Co-operatives are based on the values of self-help, self-responsibility, democracy, equality, equity and solidarity. In the tradition of their founders, co-operative members believe in the ethical values of honesty, openness, social responsibility and caring for others.

Our Cooperative Principles

The co-operative principles are guidelines by which co-operatives put their values into practice.

1. Voluntary & Open Membership. Co-operatives are voluntary organizations, open to all persons able to use their services and willing to accept the responsibilities of membership.

2. Democratic Member Control. Co-operatives are democratic organizations controlled by their members, who actively participate in setting their policies and making decisions. All members have equal voting rights (one member, one vote).

3. Member Economic Participation. Members contribute equitably to, and democratically control, the capital of their co-operative. At least part of that capital is usually the common property of the co-operative. Members allocate surpluses for any or all of the following purposes: developing their co-operative, possibly by setting up reserves, part of which at least would be indivisible; benefiting members in proportion to their transactions with the co-operative; and supporting other activities approved by the membership.

4. Autonomy & Independence. Co-operatives are autonomous, self-help organizations controlled by their members. If they enter to agreements with other organizations, including governments, or raise capital from external sources, they do so on terms that ensure democratic control by their members and maintain their co-operative autonomy.

5. Education, Training & Information.

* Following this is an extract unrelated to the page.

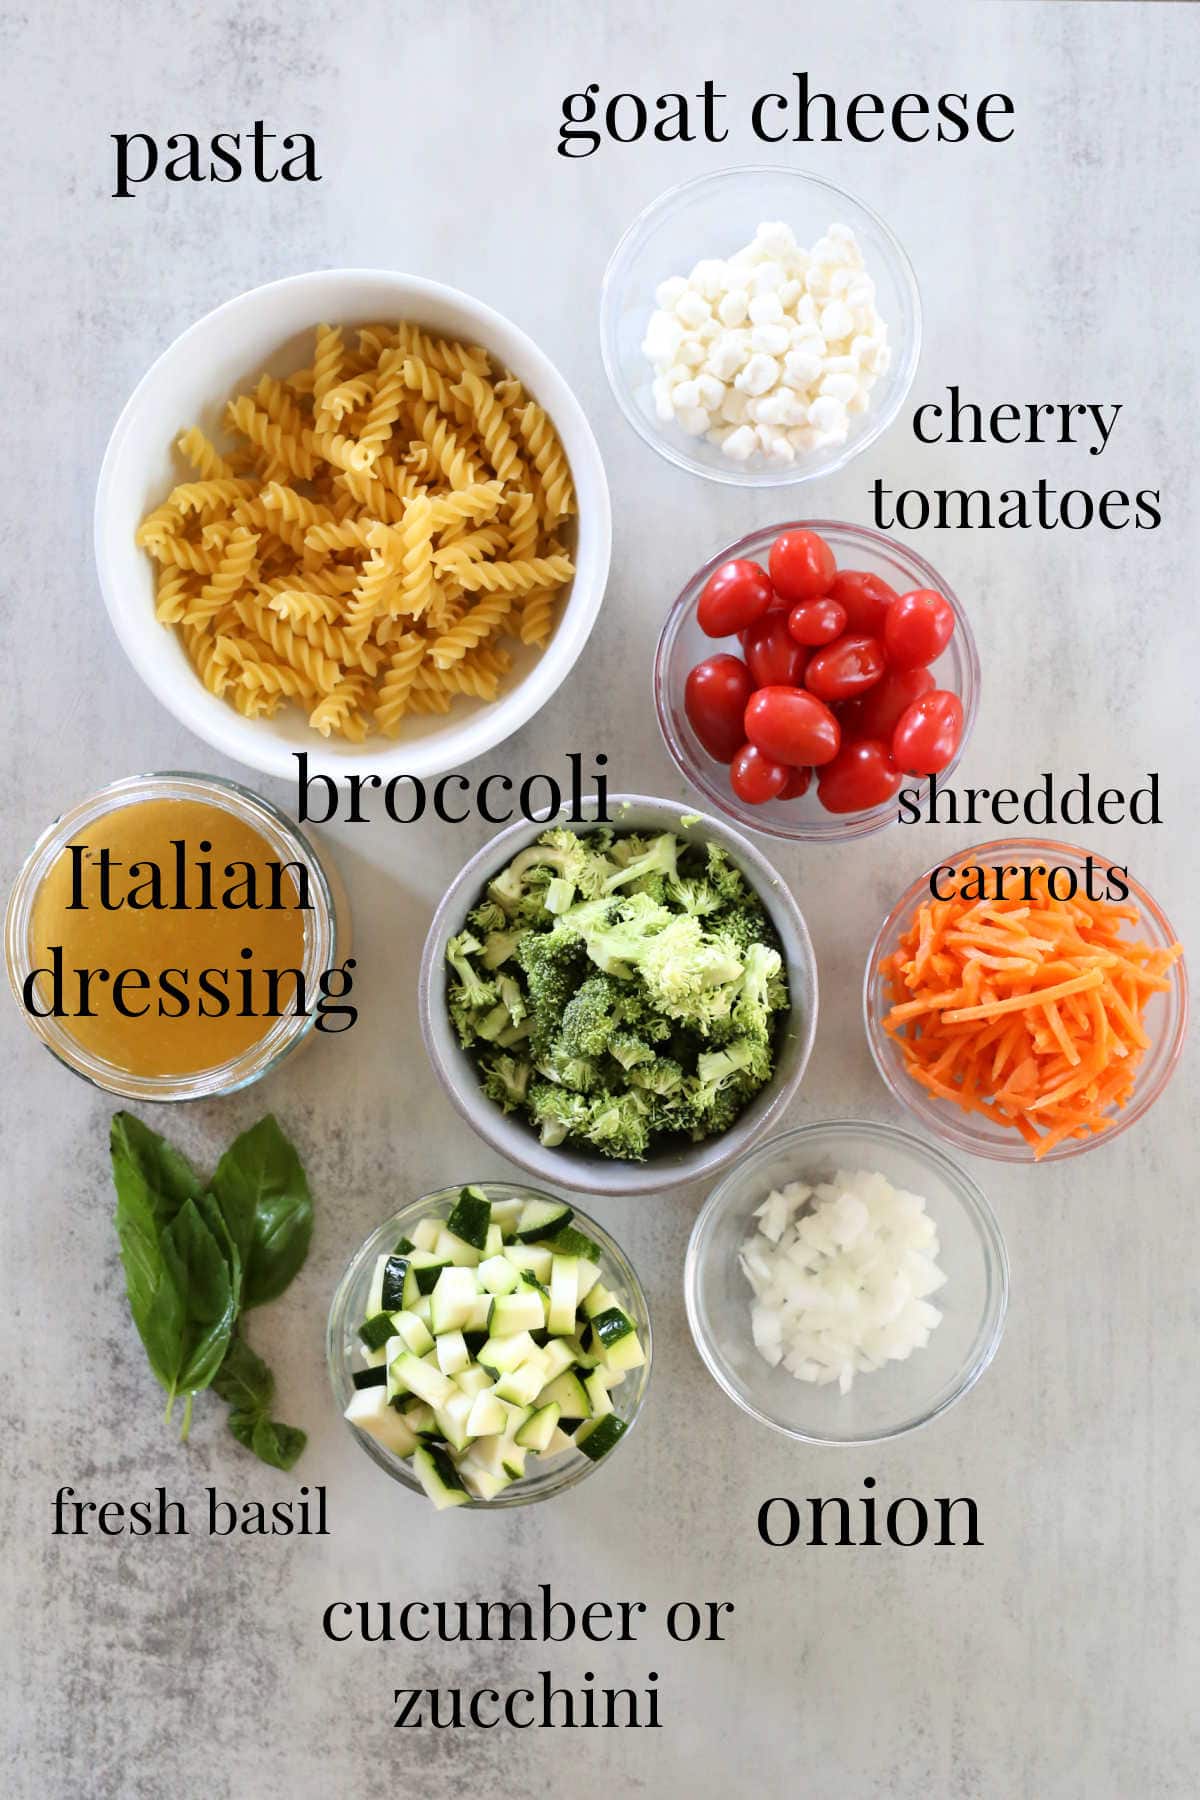 Ingredients for pasta salad recipe with Italian salad dressing.
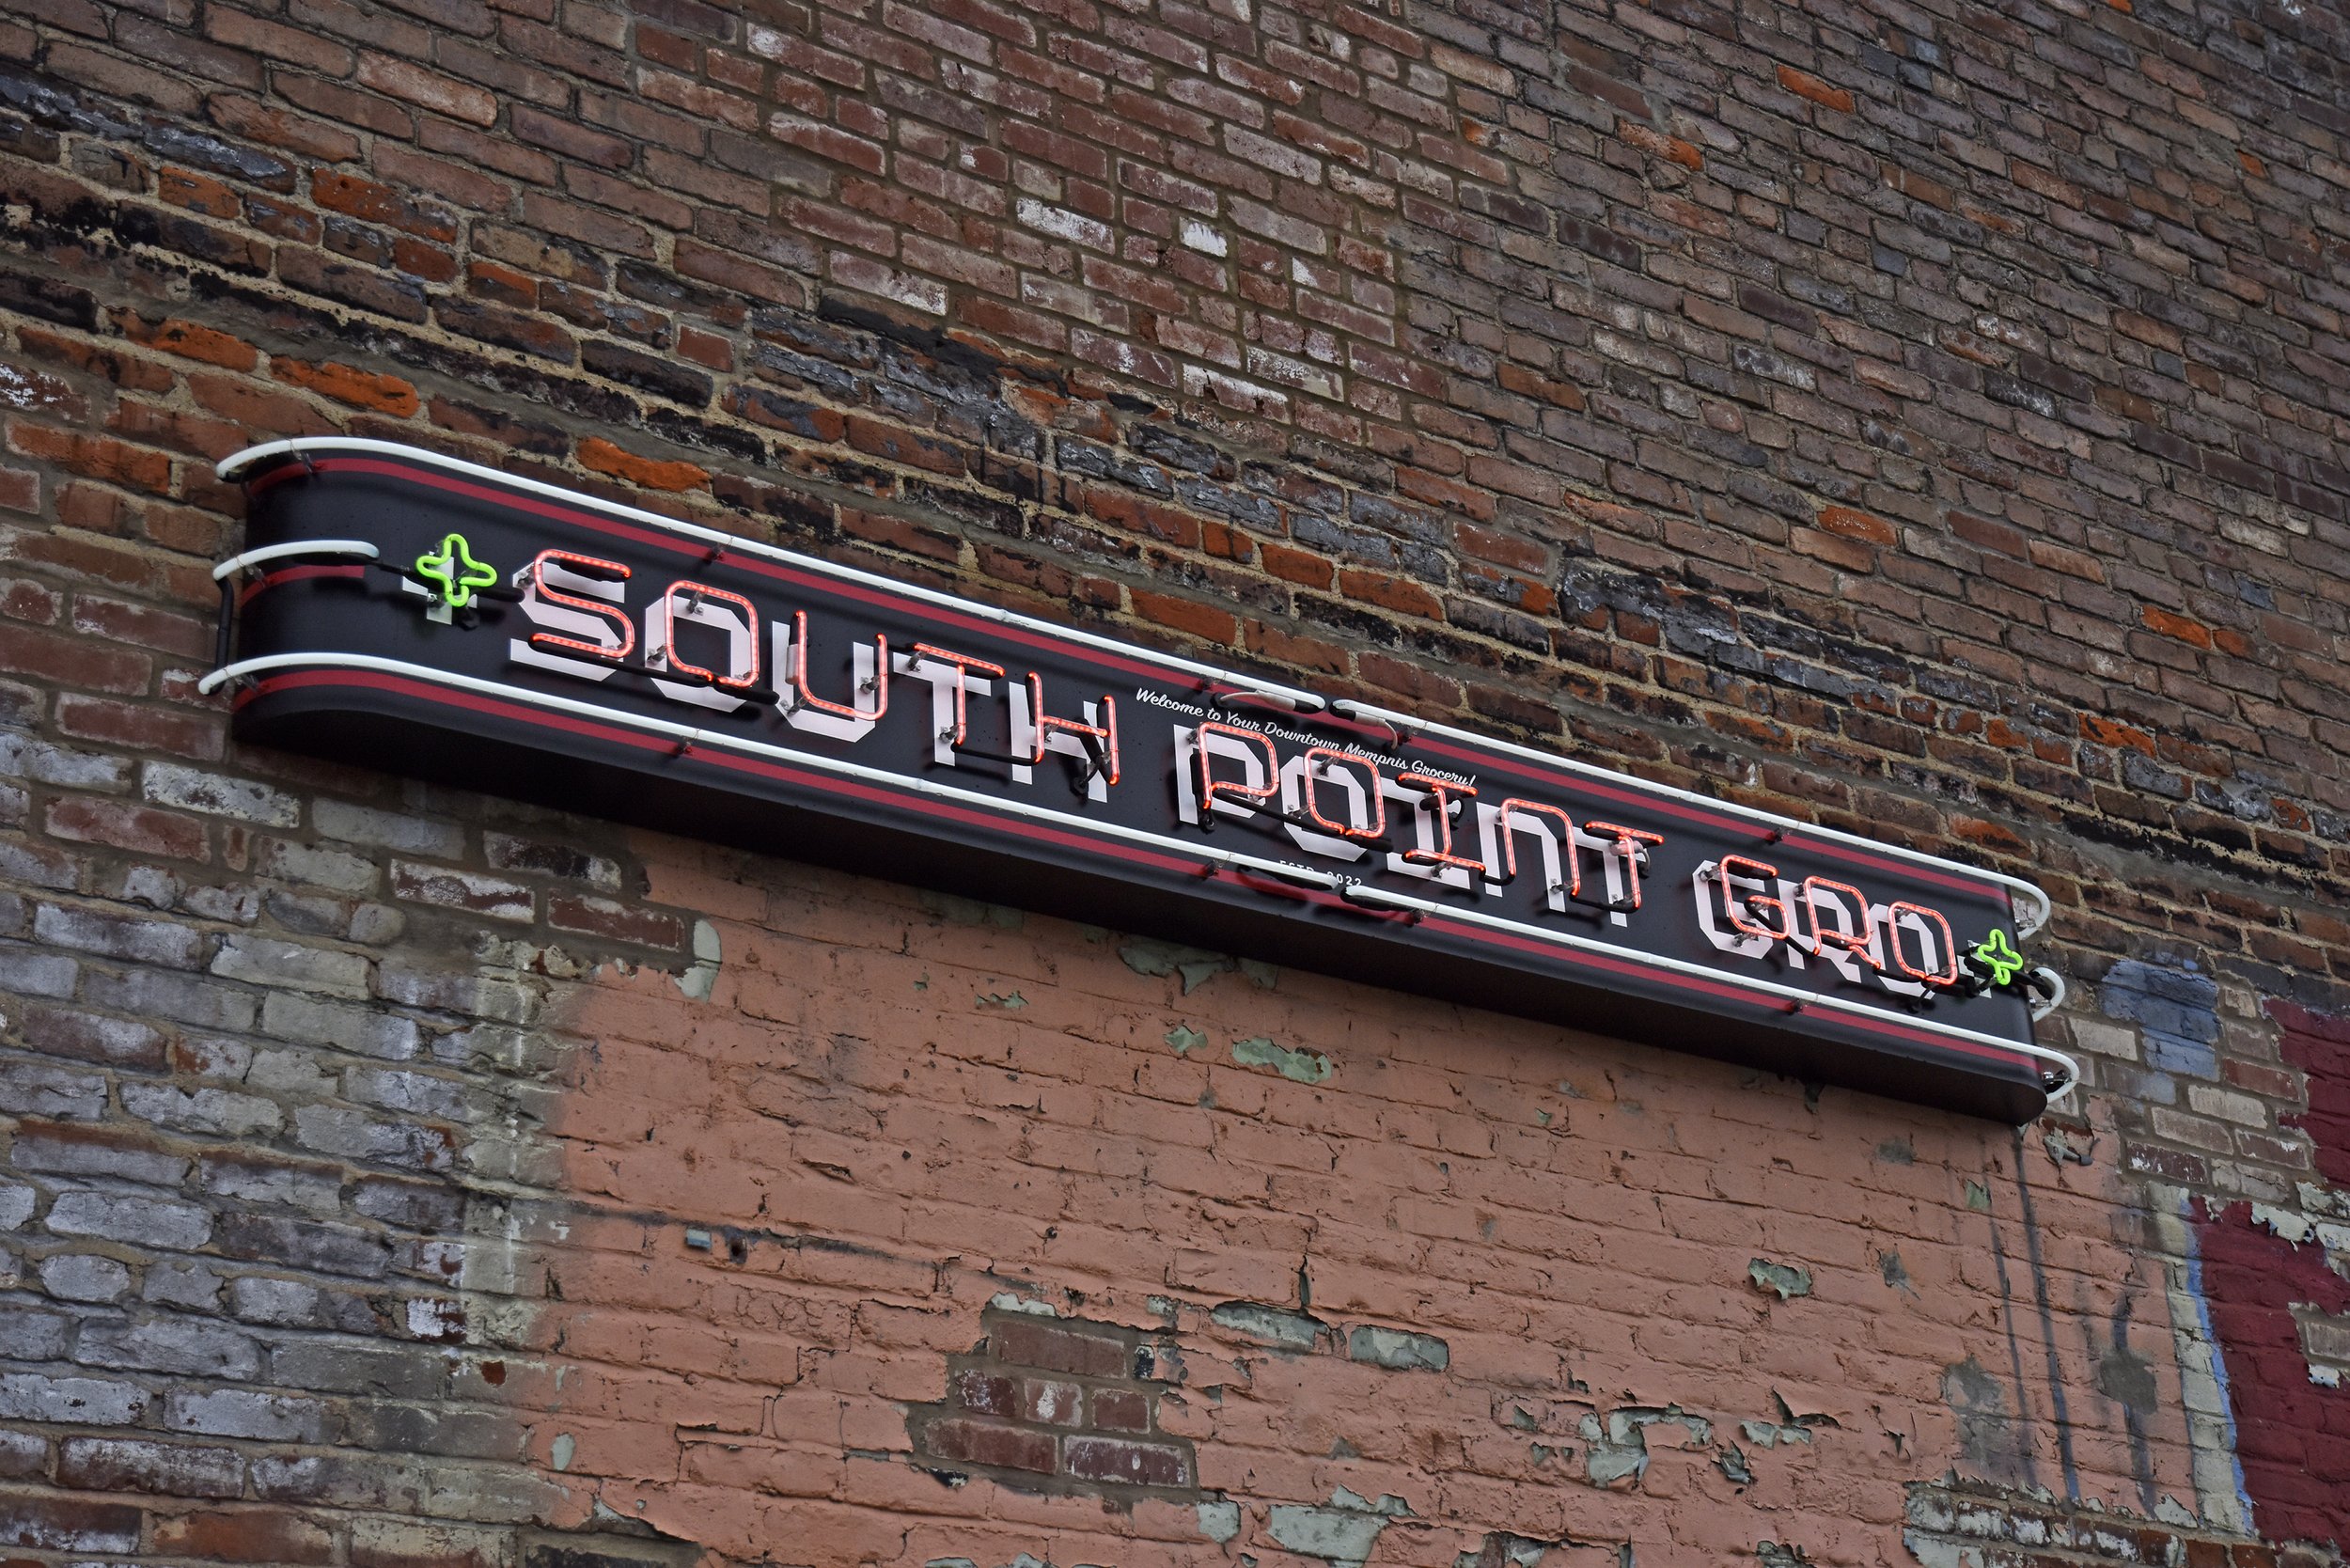  South Point Grocery  Downtown Memphis  “South Point Gro” east entrance neon sign  Branding creative and design by Chuck Mitchell  Sign fabrication and installation by Frank Balton Sign Company

Co-operatives provide education and training for their members, elected representatives, managers, and employees so they can contribute effectively to the development of their co-operatives. They inform the general public – particularly young people and opinion leaders – about the nature and benefits of co-operation.

6. Co-operation among Co-operatives. Co-operatives serve their members most effectively and strengthen the co-operative movement by working together through local, national, regional and international structures.

7. Concern for Community. Co-operatives work for the sustainable development of their communities through policies approved by their members.